I really doubt that is going to be the message going forward. It may be ‘you should have made a deal that protected jobs etc’ but unless the whole shebang has gone utterly tits up no one is going to seek to refight the referendum.


----------



## Mr Moose (Jan 10, 2020)

The39thStep said:


> What are Labours plans to regenerate those forgotten towns given the fact that the EU failed to do so?



What were they before? It has time to develop new ones.

But it’s down to the Tories right now and their feet should be held to the fire over it.


----------



## SpackleFrog (Jan 10, 2020)

Mr Moose said:


> I really doubt that is going to be the message going forward. It may be ‘you should have made a deal that protected jobs etc’ but unless the whole shebang has gone utterly tits up no one is going to seek to refight the referendum.



Wanna bet? Jess Phillips already is.


----------



## killer b (Jan 10, 2020)

SpackleFrog said:


> Yes, that's a very good point - for all the radical proposals in the manifesto there was nothing about funding local councils.


There's quite a lot in it about funding local councils. Starting with the very first line of the Communities and Local Government section, _Labour will reverse the Tory decade of austerity for local government and aim to restore council spending powers to 2010 levels over the lifetime of the Parliament. _


----------



## rasputin (Jan 10, 2020)

ska invita said:


> Majority Labour voters, 2 to 1 broadly, voted remain






andysays said:


> That's not my recollection, though I may be wrong.
> 
> Are you/your source referring to Labour voters in 2017, 2019 or at some unspecified point in the past?



According to the British Election Study, 68% of Labour voters supported remain in the 2016 referendum.


----------



## Mr Moose (Jan 10, 2020)

SpackleFrog said:


> Wanna bet? Jess Phillips already is.



No one is going to listen to her. Or at least no one important in this game.


----------



## SpackleFrog (Jan 10, 2020)

killer b said:


> There's quite a lot in it about funding local councils. Starting with the very first line of the Communities and Local Government section, _Labour will reverse the Tory decade of austerity for local government and aim to restore council spending powers to 2010 levels over the lifetime of the Parliament. _



Fair, have to say I didn't read it. Do you think this was adequately communicated?


----------



## treelover (Jan 10, 2020)

Monkeygrinder's Organ said:


> Anyone is going to get that tbf. They can't be picking a leader on the basis of 'who won't the right wing press attack' as that person doesn't exist.



Lisa Nandy would be a bit harder to attack.


----------



## killer b (Jan 10, 2020)

SpackleFrog said:


> Fair, have to say I didn't read it. Do you think this was adequately communicated?

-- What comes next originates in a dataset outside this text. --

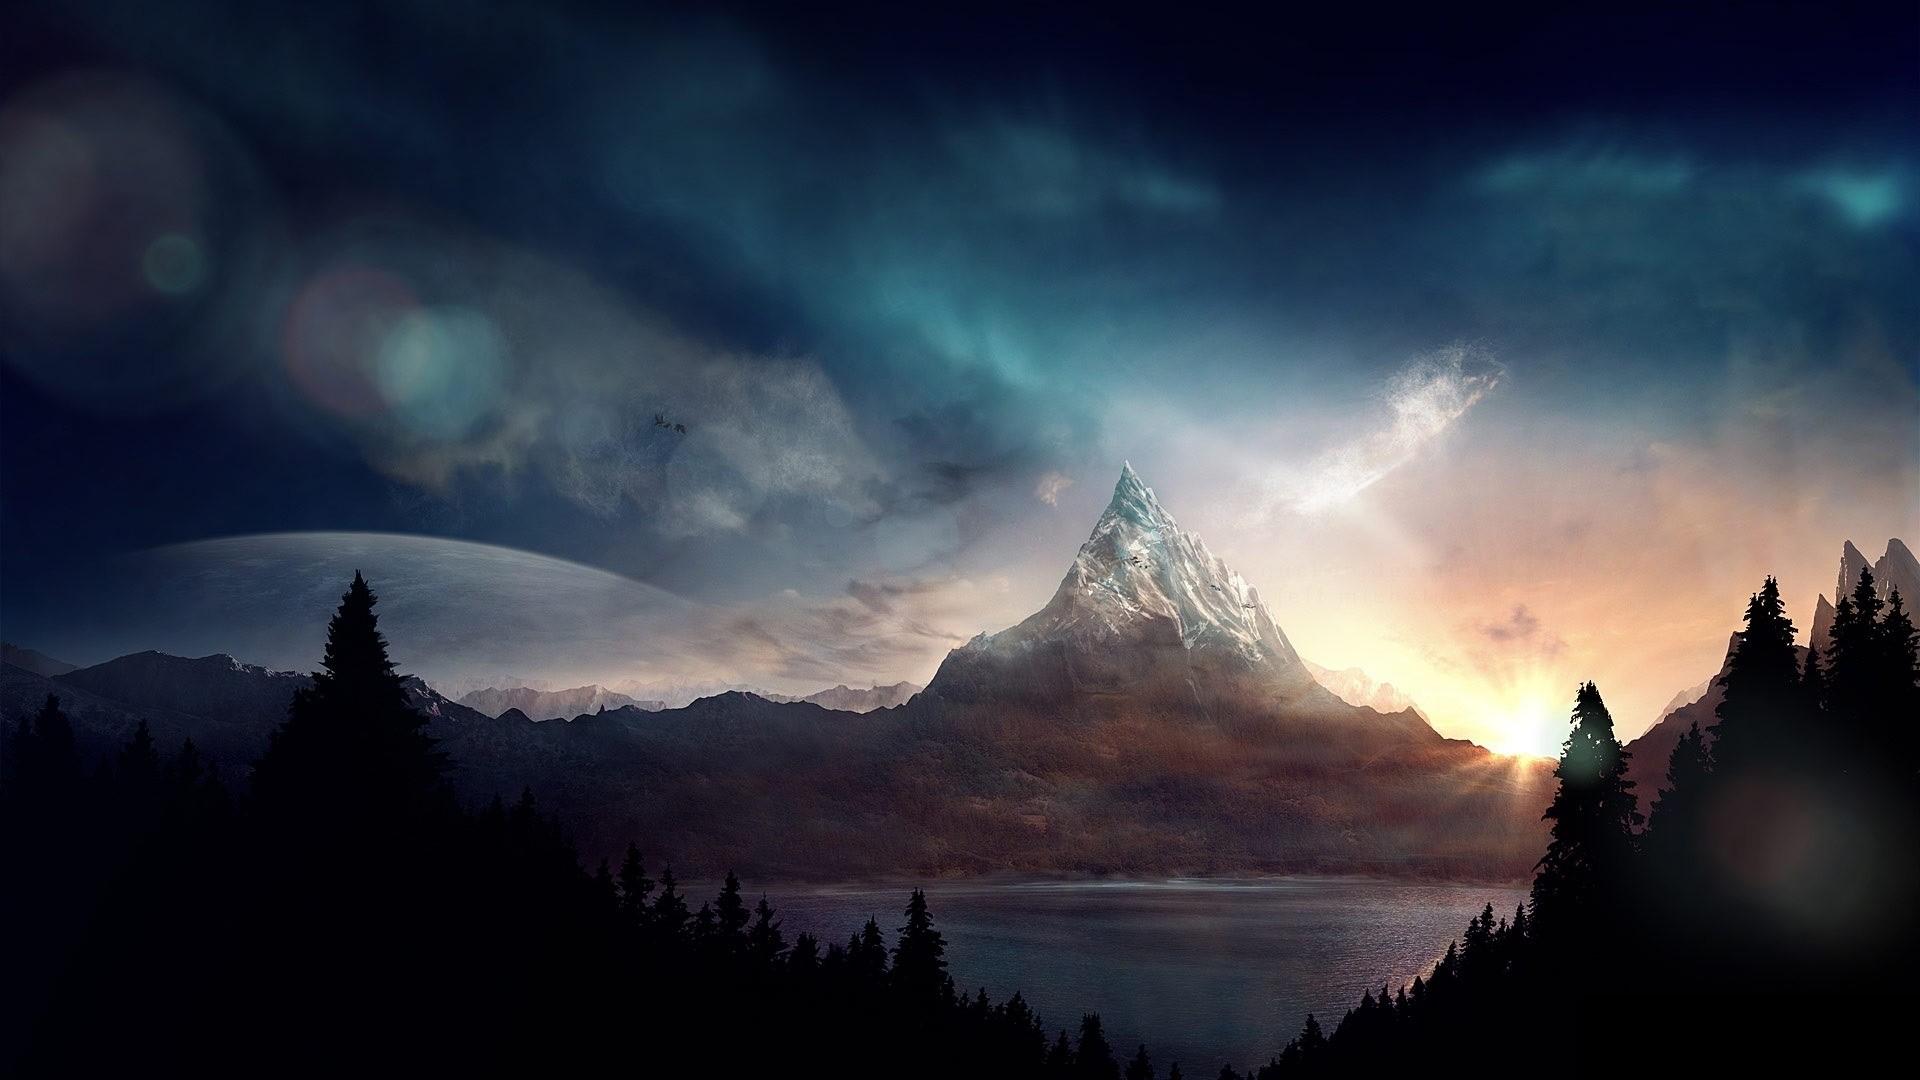 … Background Full HD 1080p. Wallpaper peak, mountain, fantasy,  art
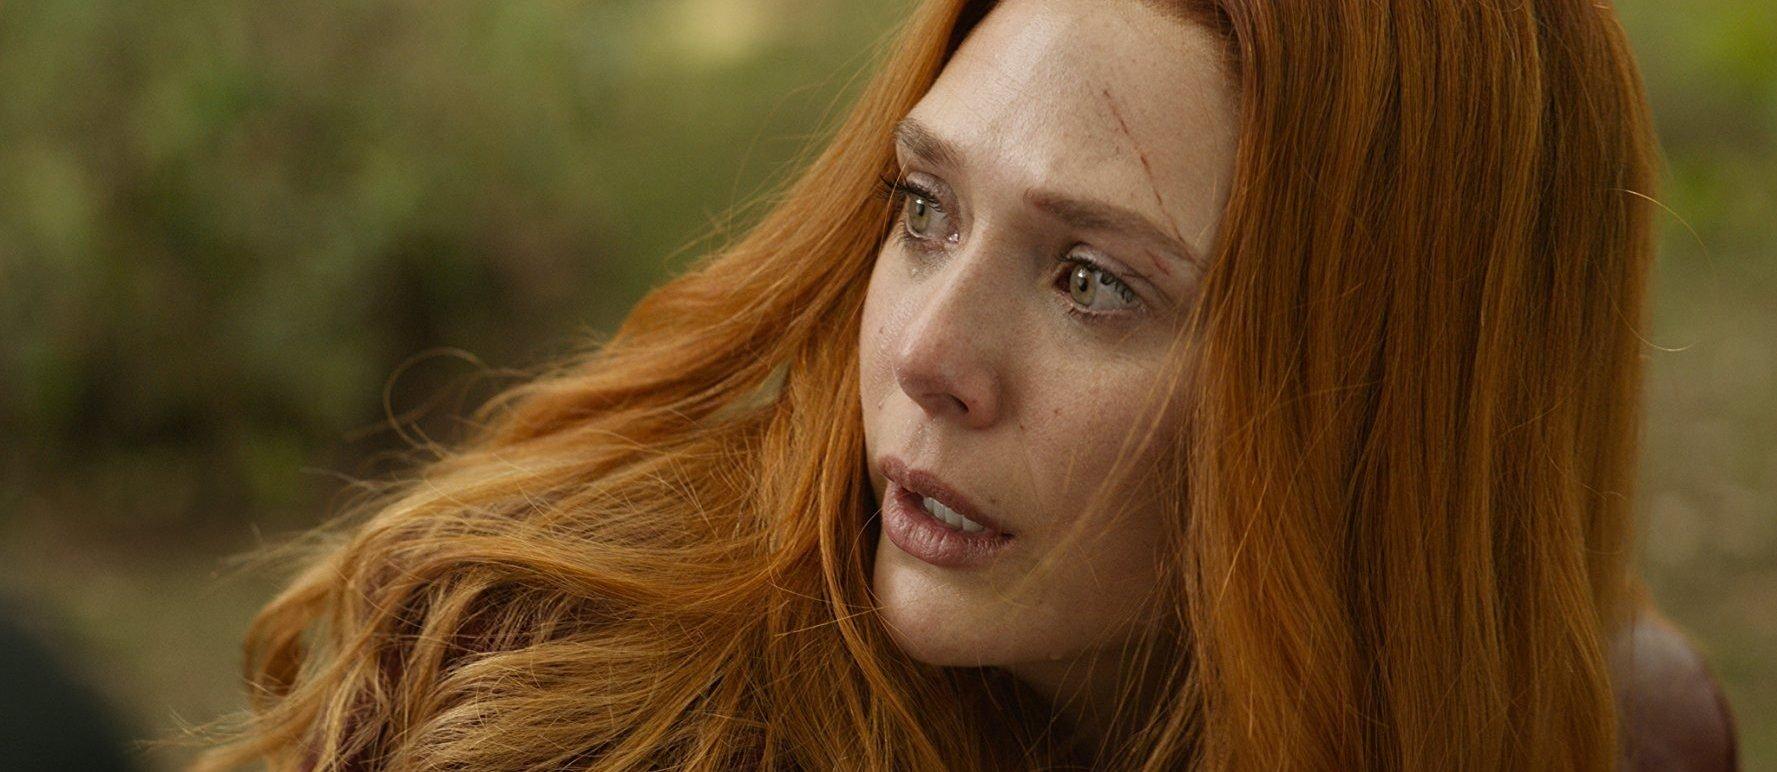 Elizabeth Olsen Auditioned for Daenerys on Game of Thrones

I dunno. It certainly wasn't adequately reported though.


----------



## sleaterkinney (Jan 10, 2020)

Yeah, but is that Real Labour voters or fake labour voters?


----------



## sleaterkinney (Jan 10, 2020)

No-one will go full rejoin until they see how it pans out.


----------



## The39thStep (Jan 10, 2020)

Mr Moose said:


> What were they before? It has time to develop new ones.
> 
> But it’s down to the Tories right now and their feet should be held to the fire over it.


Completely agree with holding the Tories to account and a large test will be around the North West and North East and the promises of ' powerhouses' and more control locally . However holding to account without articulating what Labour has to offer in those areas  are two different things. Many of the places that went to the Tories are unlikely to directly benefit from ' powerhouse' strategies in any case, cities might but towns only indirectly.


----------



## The39thStep (Jan 10, 2020)

rasputin said:


> According to the British Election Study, 68% of Labour voters supported remain in the 2016 referendum.


Take the large cities out and you have a different picture


----------



## Mr Moose (Jan 10, 2020)

treelover said:


> Lisa Nandy would be a bit harder to attack.



Yes, though you can attack anyone if they are pulling one way and the Party is pulling another. Whether Nandy, Starmer or RLB they collectively have to at some point decide what Labour’s view (of the future post Brexit arrangements) will be going forward. They can all then rally round it however they fought in the war.


----------



## Mr Moose (Jan 10, 2020)

The39thStep said:


> Completely agree with holding the Tories to account and a large test will be around the North West and North East and the promises of ' powerhouses' and more control locally . However holding to account without articulating what Labour has to offer in those areas  are two different things. Many of the places that went to the Tories are unlikely to directly benefit from ' powerhouse' strategies in any case, cities might but towns only indirectly.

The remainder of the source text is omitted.